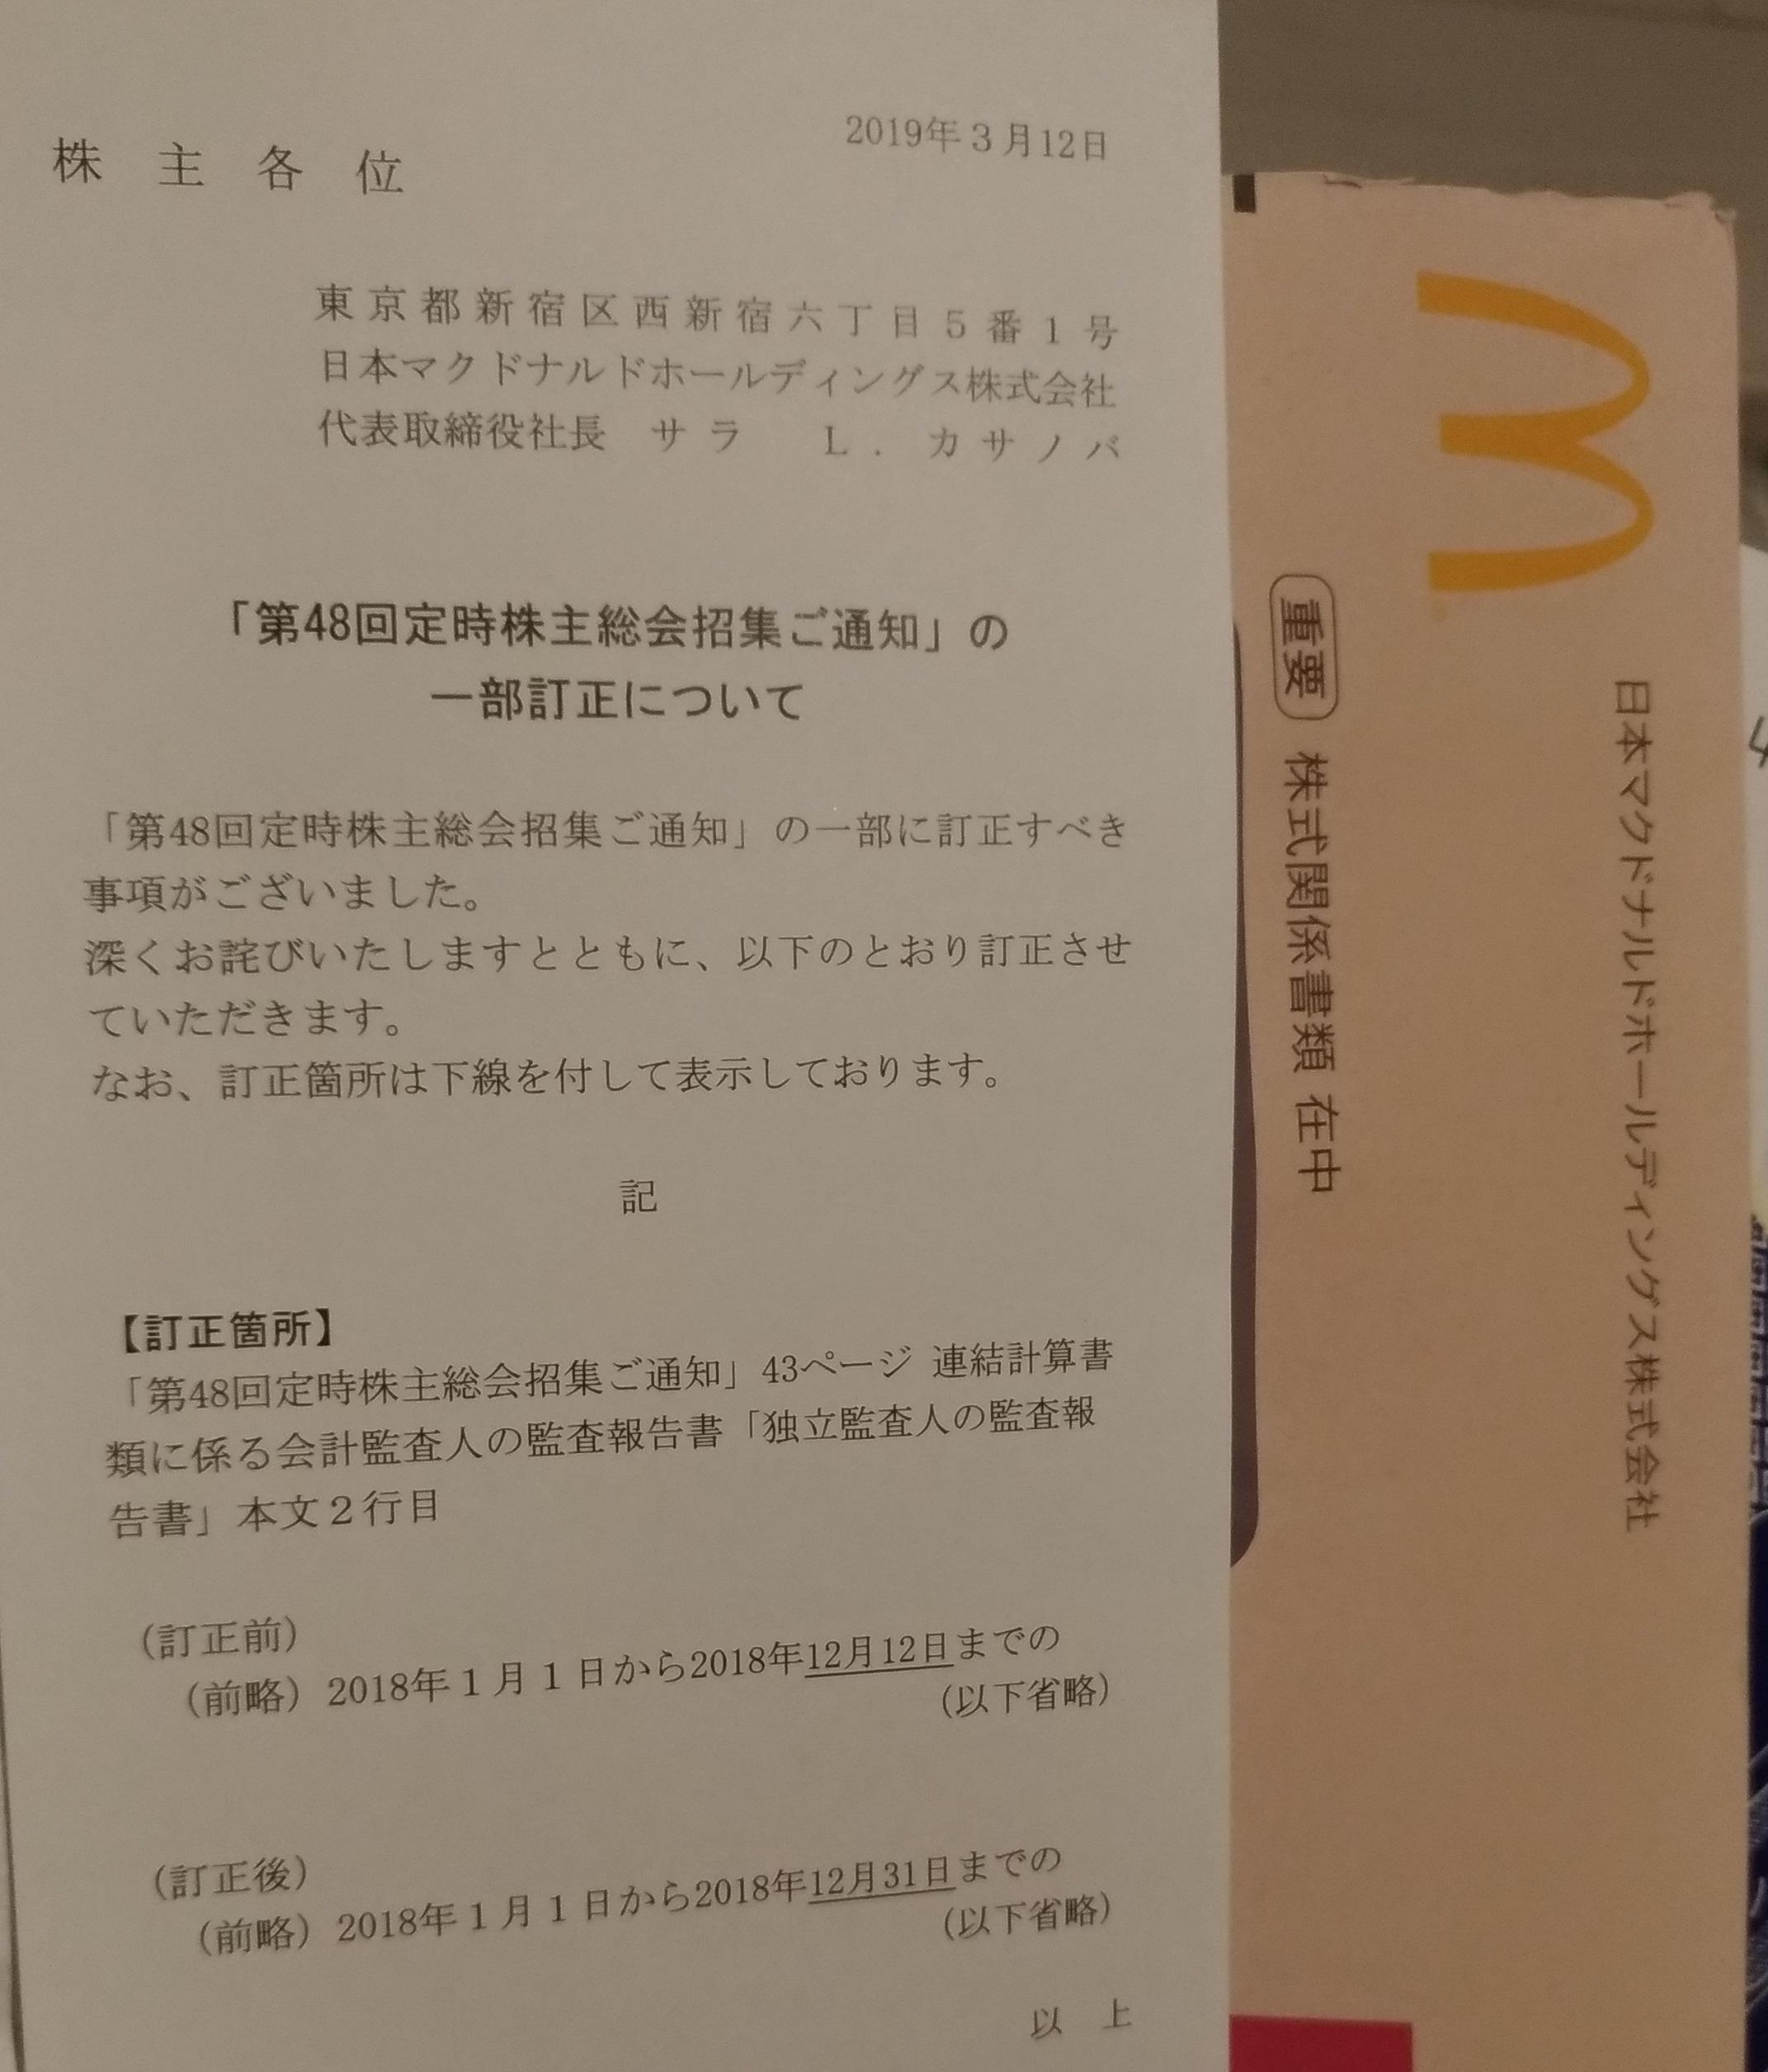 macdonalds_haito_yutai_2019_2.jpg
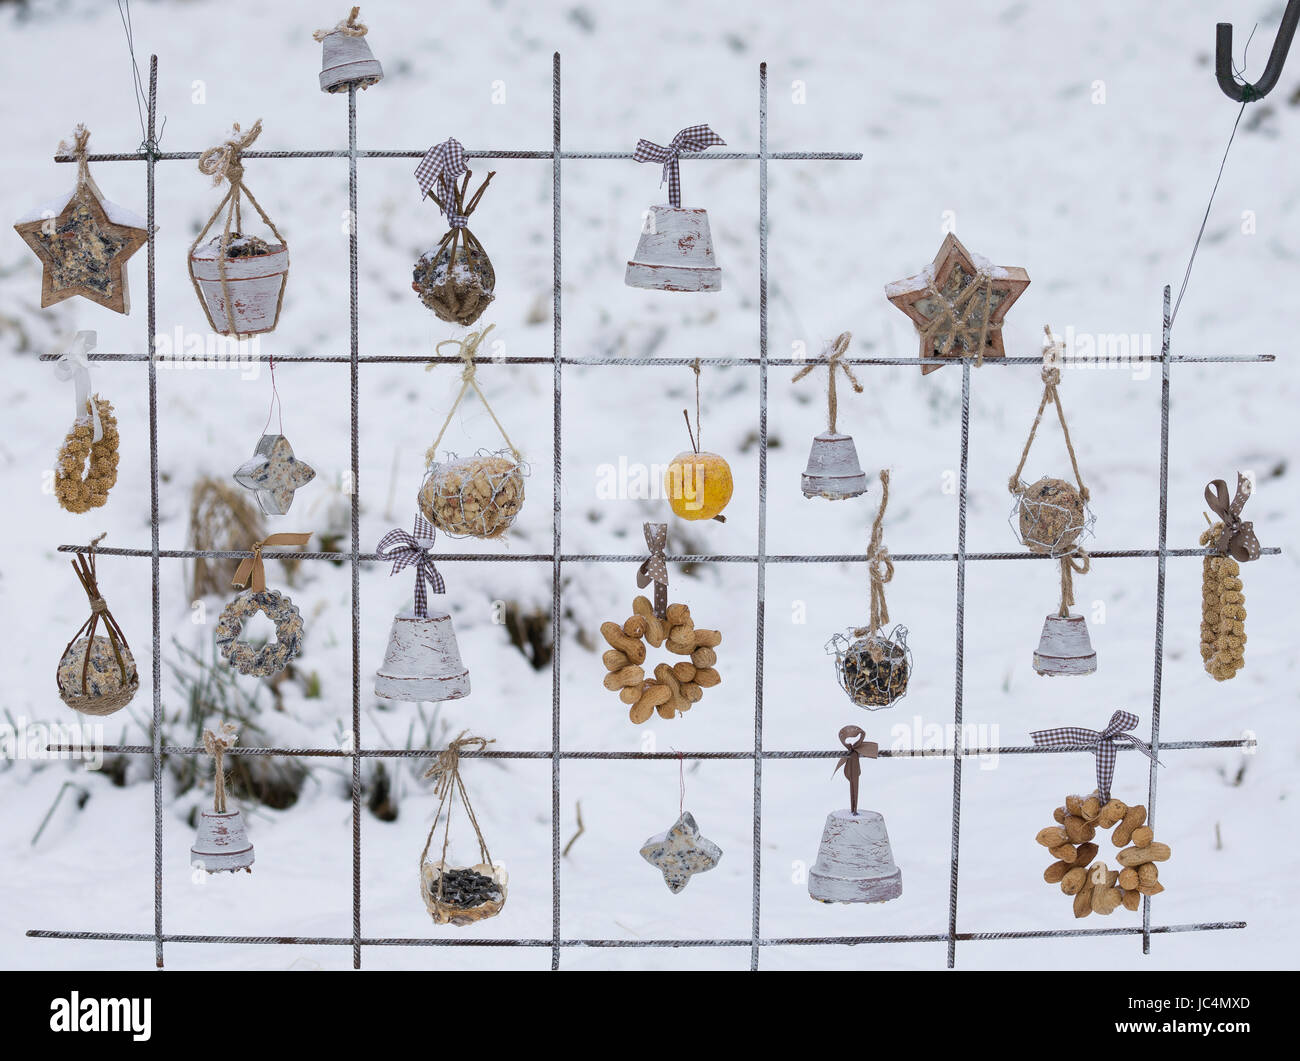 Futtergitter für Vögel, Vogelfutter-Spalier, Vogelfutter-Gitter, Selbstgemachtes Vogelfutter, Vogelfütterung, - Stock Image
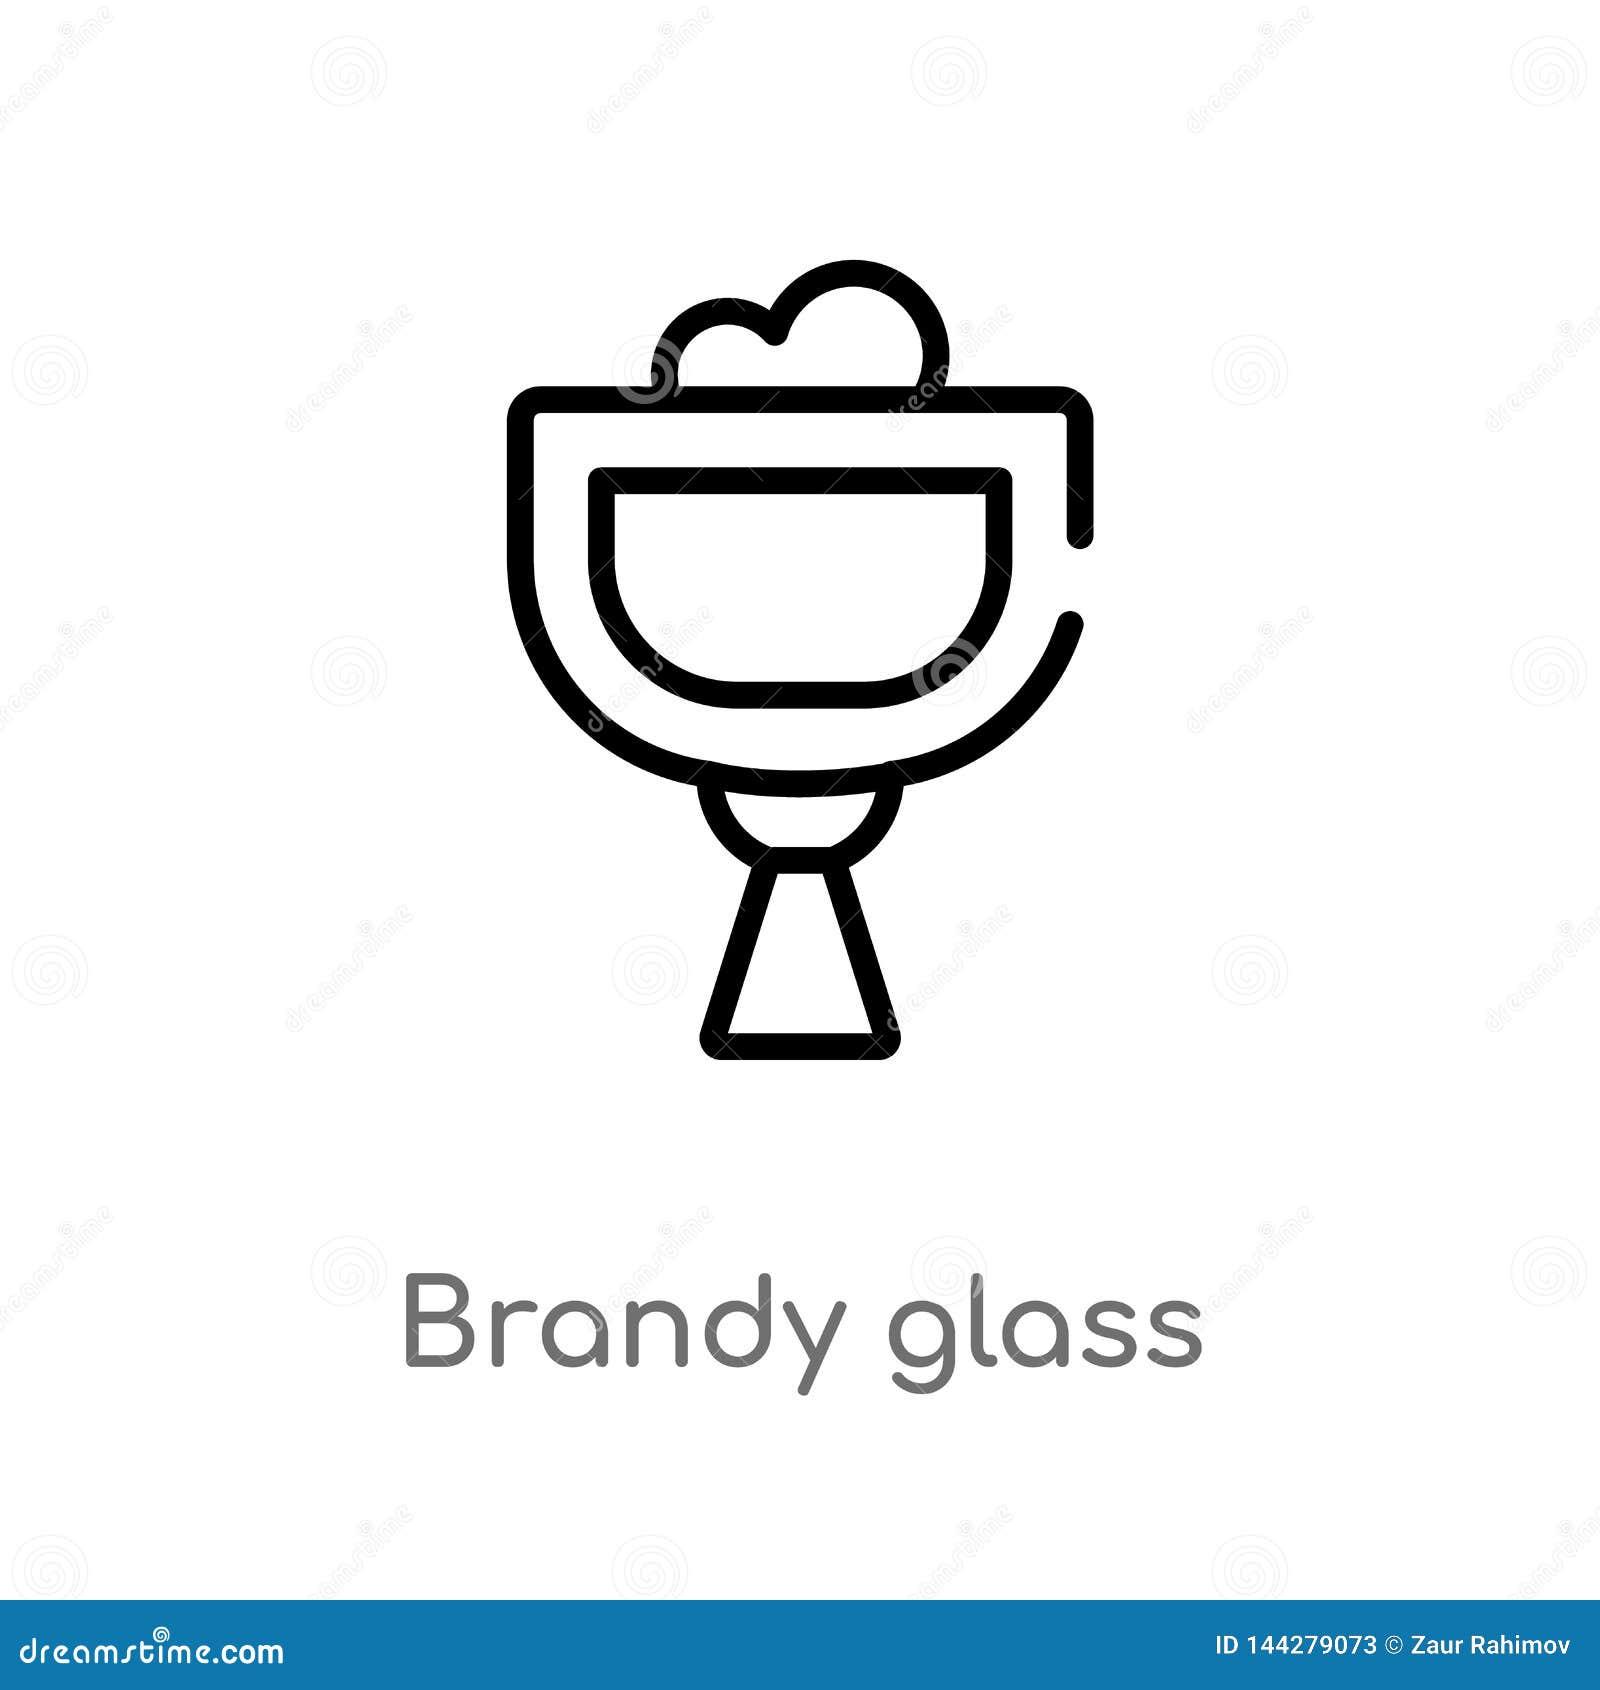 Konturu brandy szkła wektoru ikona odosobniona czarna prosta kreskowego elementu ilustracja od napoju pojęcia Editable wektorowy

--- TASK TO COMPLETE ---
Reproduce each line above precisely, with no pictures.

--- SOLUTION FOR THIS PROBLEM ---
 macdonalds_haito_yutai_2019_2.jpg
 Futtergitter für Vögel, Vogelfutter-Spalier, Vogelfutter-Gitter, Selbstgemachtes Vogelfutter, Vogelfütterung, - Stock Image
 Konturu brandy szkła wektoru ikona odosobniona czarna prosta kreskowego elementu ilustracja od napoju pojęcia Editable wektorowy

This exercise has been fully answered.